With two graduate students, he built a small artificial neural network—a machine-learning system inspired by the neurons and synapses in the human brain that process and pass along information—and trained it to reproduce the results of his computer code. Instead of 2.5 million CPU hours and a supercomputer, the computations took less than five hours. That’s a 55,000 percent acceleration, one that could run on a laptop. Meade and his colleagues published their findings this year in Geophysical Research Letters.

The catch is this: Meade doesn’t yet understand exactly how his neural network’s computations operate. In neural networks, this is often the case. But in that mystery, he says, lies the promise for science. “The neural network we built has come up with some representation of what our computer code does,” he explains. “But it doesn’t necessarily use the same functions that we’ve used,” ones with names and known mathematical properties. Instead, the neural network—which Meade trained using his trove of earthquake data and the end calculations his computer code yielded—can develop its own, much more computationally efficient, functions for getting from A to B. “In other words,” he says, “neural networks may be a tool for discovering functions that we haven’t gotten around to identifying and naming yet.” By “interrogating” the network after the fact, scientists can pick apart those nameless functions and learn from them. “This is an incredible tool for discovery,” Meade says.
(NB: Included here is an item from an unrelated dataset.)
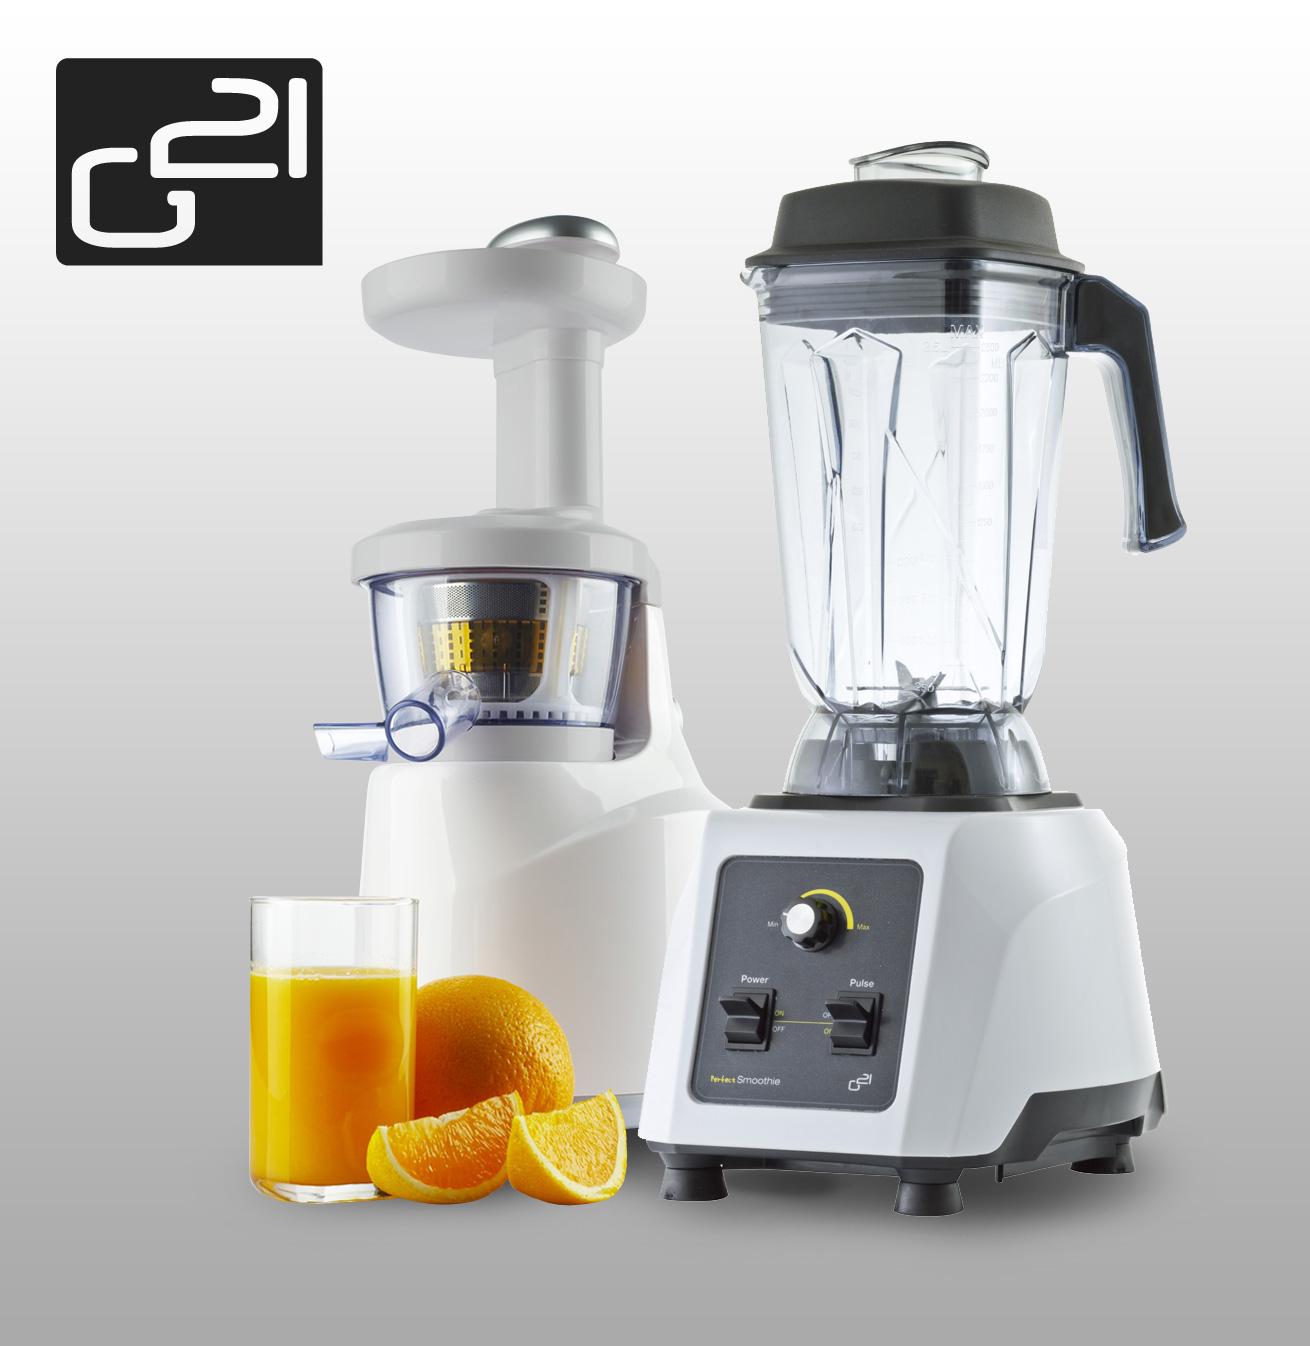 Set G21 blender perfect smoothie + perfect juicer white

The goal is to start mapping the links between classical mathematics and as-yet undeciphered functions he and others are learning from neural networks: “Essentially, to create a Rosetta Stone.”


A visualization of Meade's neural network, showing how individual neurons (circles) are connected (colored lines) to facilitate complex computations.
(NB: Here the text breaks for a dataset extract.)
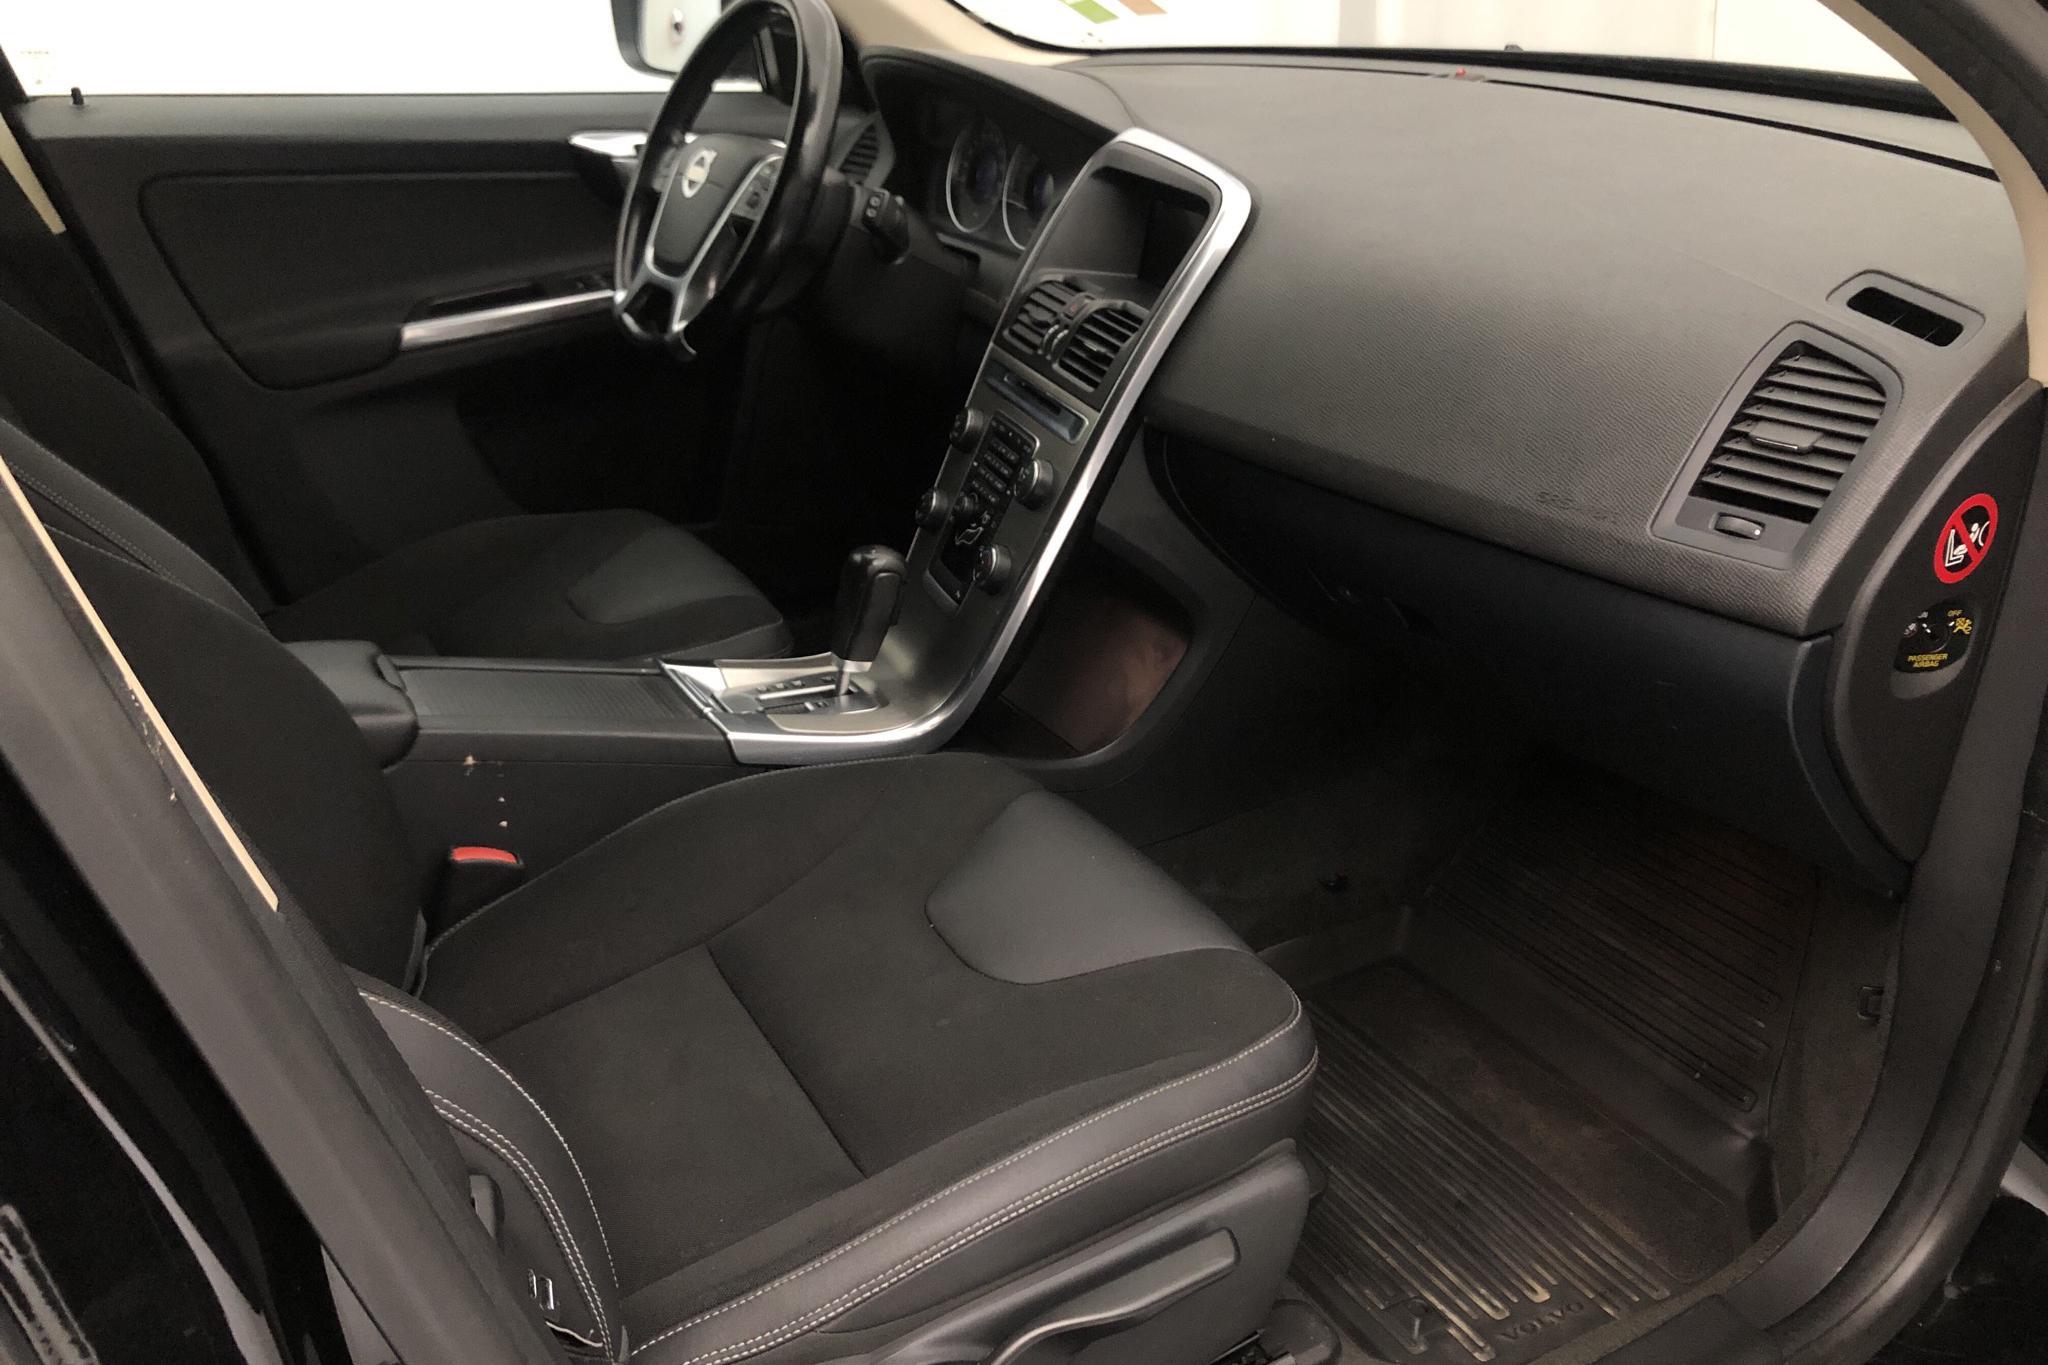 Volvo XC60 D3 2WD (163hk) - 172 980 km - Automatic - black - 2012

Image courtesy of Brendan Meade

But the promise is more than just faster ways of completing calculations that scientists already understand; neural networks, he believes, may help decode complex natural systems whose underlying dynamics right now seem too messy or irregular for scientists to model effectively. Biology abounds with these conundrums, Meade says. So do the earth sciences. “When you think about fields that maybe aren’t as ‘clean’ as classical physics—the interaction between different parts of the environment, or within climate systems, or how the function of tectonic plates leads to earthquakes and builds mountains—we have lots of observations and data about these things,” but little ability to accurately predict how altering one element in a system of millions or billions might change a single output. Neural networks offer the prospect of making those predictions, Meade says, “even if we don’t understand the entire system at first.” That’s because, by processing data much faster and more efficiently than is otherwise possible, neural networks can spot previously invisible patterns and trends that current scientific models have had no way to identify and represent. “That’s truly the deep power of neural networks and artificial intelligence,” he says. “We have a tool now that can suggest new ideas to us. When we don’t know what to do, neural networks can give clues to a way forward.”
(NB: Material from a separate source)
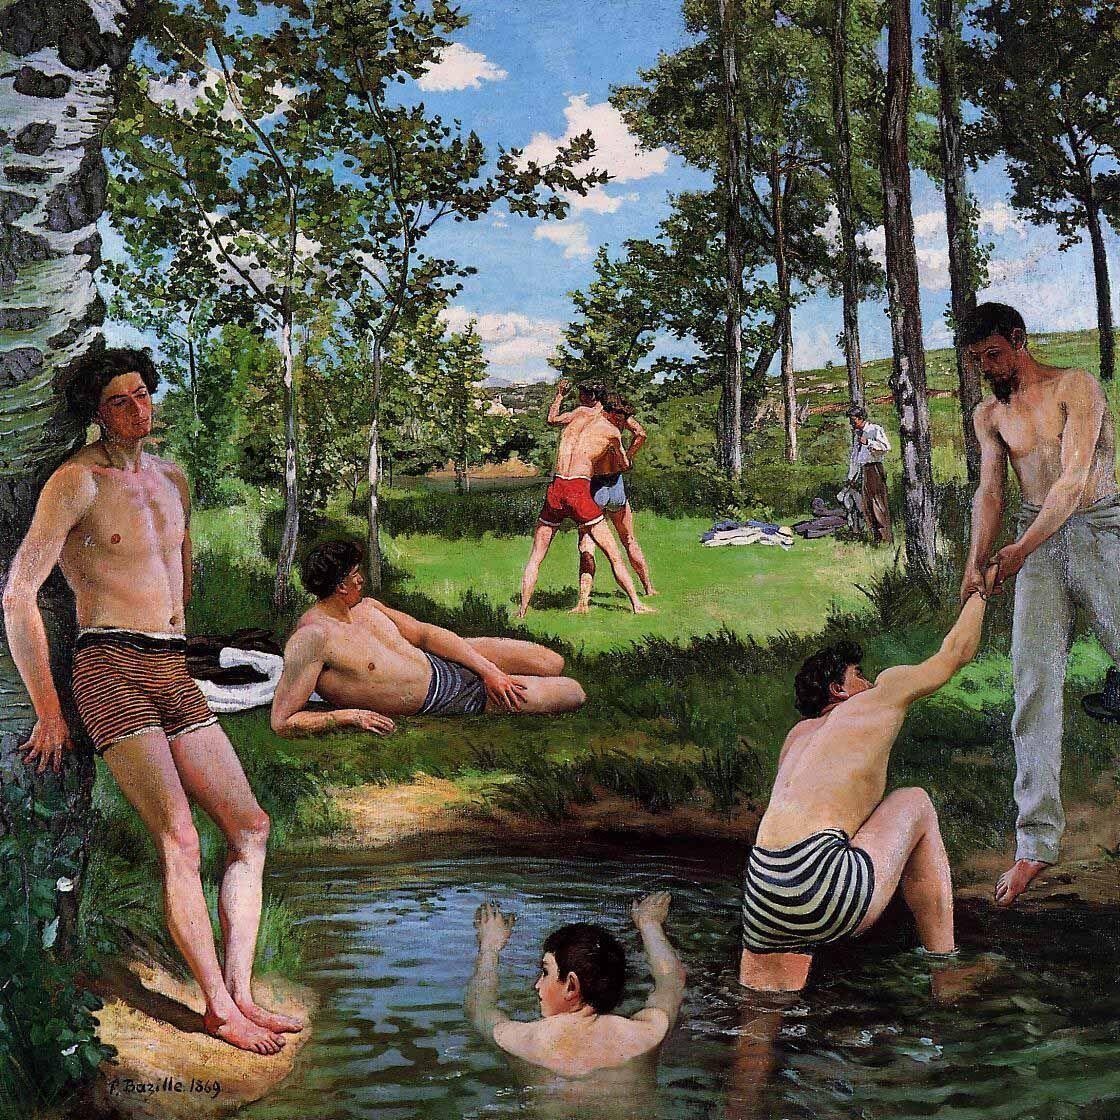 Frédéric Bazille, Summer Scene (Bathers), 1869. Fogg Museum. Photo via Wikimedia Commons.

And Meade’s next step forward? He has recently turned his attention to a growing number of studies that attempt to identify precursors to earthquakes. Although scientists can tell with some accuracy where earthquakes are most likely to happen, it remains notoriously impossible to predict when one will strike. The studies conducted during the past decade have been confined to single earthquakes and small collections of isolated data, Meade says, but he wonders if neural networks might help scientists uncover broad and robust correlations that might help a city like Istanbul forecast and prepare for a quake. “The question now,” he says, “is whether we can assemble data sets that are large enough and coherent enough that we can go after the earthquake-prediction problem in earnest.”